Notice that St. Matthew, who records this in the 26th chapter of his Gospel, is careful to point out that they all began to say consecutively, “Lord, is it I?” If we look at this text closely, we will observe that such a response is both foolish and uncalled for. Surely the betrayer knows his own identity. And since he does, why should all the disciples be so anxious to ask such a ridiculous question as, “Lord, is it I?” Yet the very fact that they all feel compelled to ask such a question, and to ask it at the same time, suggests the need of consciences wanting to be at ease, and implies very strongly that there was a universal feeling of guilt on the part of all. Perhaps when confronted with such raw truths, all of the disciples recalled those frequent moments when they may have betrayed Jesus and his teaching in their daily lives. This is the point of this seemingly useless question, and this point is borne out, for the Greek in all the texts is “Lord, is it I?” instead of the way it would normally have been rendered, “Surely it is not I, Lord” thereby expecting the answer of no!

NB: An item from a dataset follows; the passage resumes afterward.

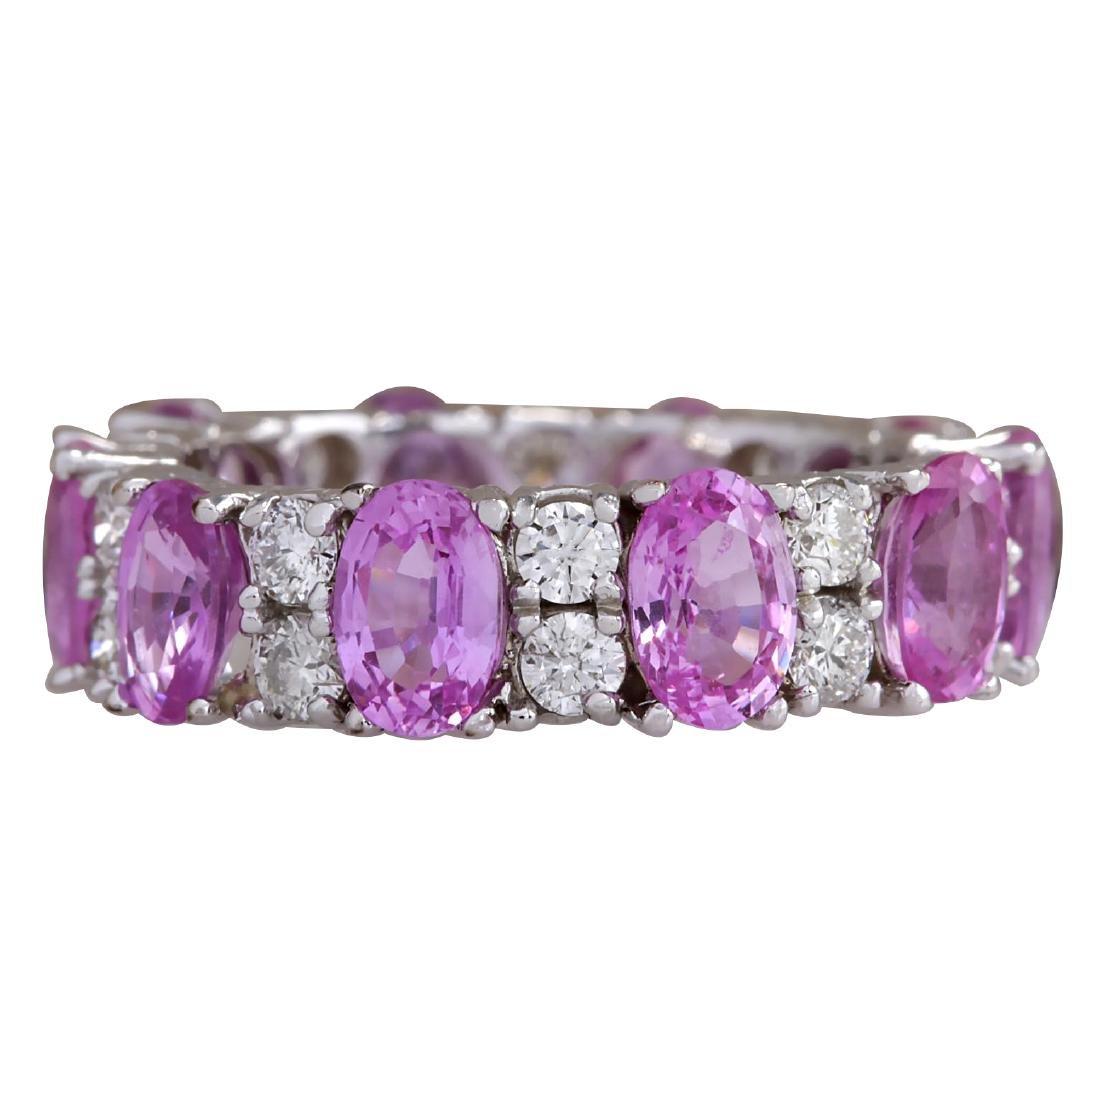 7.71CTW Natural Pink Ceylon Sapphire Diamond Ring 18K

Lord, is it I? is not just a question of merely academic and biblical interest, it is one of the burning questions of ancient times and modern life. This matter of corporate guilt was of great concern to Ezekiel, the great prophet of the Exile.

During the Exile in Babylonia, some of the Jews there were claiming that they were being punished by God for the sins of the nation. They said that they were not the only ones who has been guilty. They said, their ancestors had caused much of the trouble and they were caught in a situation for which they were not entirely responsible. And then they asked the question, “What about our children?” They asked, “Are they going to go on paying the penalty for three or four generations for the wickedness and folly of their ancestors?” It was at this point that Ezekiel came on the scene and said, “The Lord is not going to hold your children as outcasts because of your sin.” But, your children are going to be affected but what their father have done. Ezekiel knew that people do suffer as a result of the sins of others as well as for their own. For examples, the people of the little countries in Europe suffered in World War II more than Americans and the British, yet they were less responsible for the war than America and Britain were. And again a man may commit some crime and be sent to prison. He will suffer but his wife and children will suffer, too, though they may have no share in what he did.

The truth which Ezekiel proclaimed is this: That guilt cannot be passed on from one generation to another. God holds each generation responsible for its own sins. Yet, though guilt cannot be inherited, consequences are. And God gives each generation power to face these consequences and to master them. I don’t need to recount for you here the issues of corporate guilt which has been raised in connection with the holocaust and its relation to contemporary people of Germany as well as with slavery and the majority race in the United States.

In all these matters we need to ask the question of ourselves: “Lord, is it I?” The old hymn says:

Who was the guilty, who brought this upon thee?
Alas, my treason, Jesus, hath undone thee.
‘Twas I, Lord Jesus, I it was denied thee:
I crucified thee.

So dear friends, on this Maundy Thursday let us ponder this corporate and universal betrayal of our Lord. And, while you are thinking about that, ask yourself why you are here tonight at the Lord’s Table and what is your intention, and , how many times and in what ways will you betray him before tomorrow night this time?

Let us tackle these concerns, being honest with ourselves to admit, as did the writer of the 12th Psalm, that “there is not one Godly person left” and that when we all ask the question, “Lord, is it I?” we must be prepared to hear the painful reply, for we are all, essentially corporately and existentially, guilty .

Now when the even was come, he sat down with the twelve. And as they did eat he said, “Verily I say unto you, that one of you shall betray me.” And they were exceeding sorrowful, and began every one of them to say unto him, “Lord, is it I?”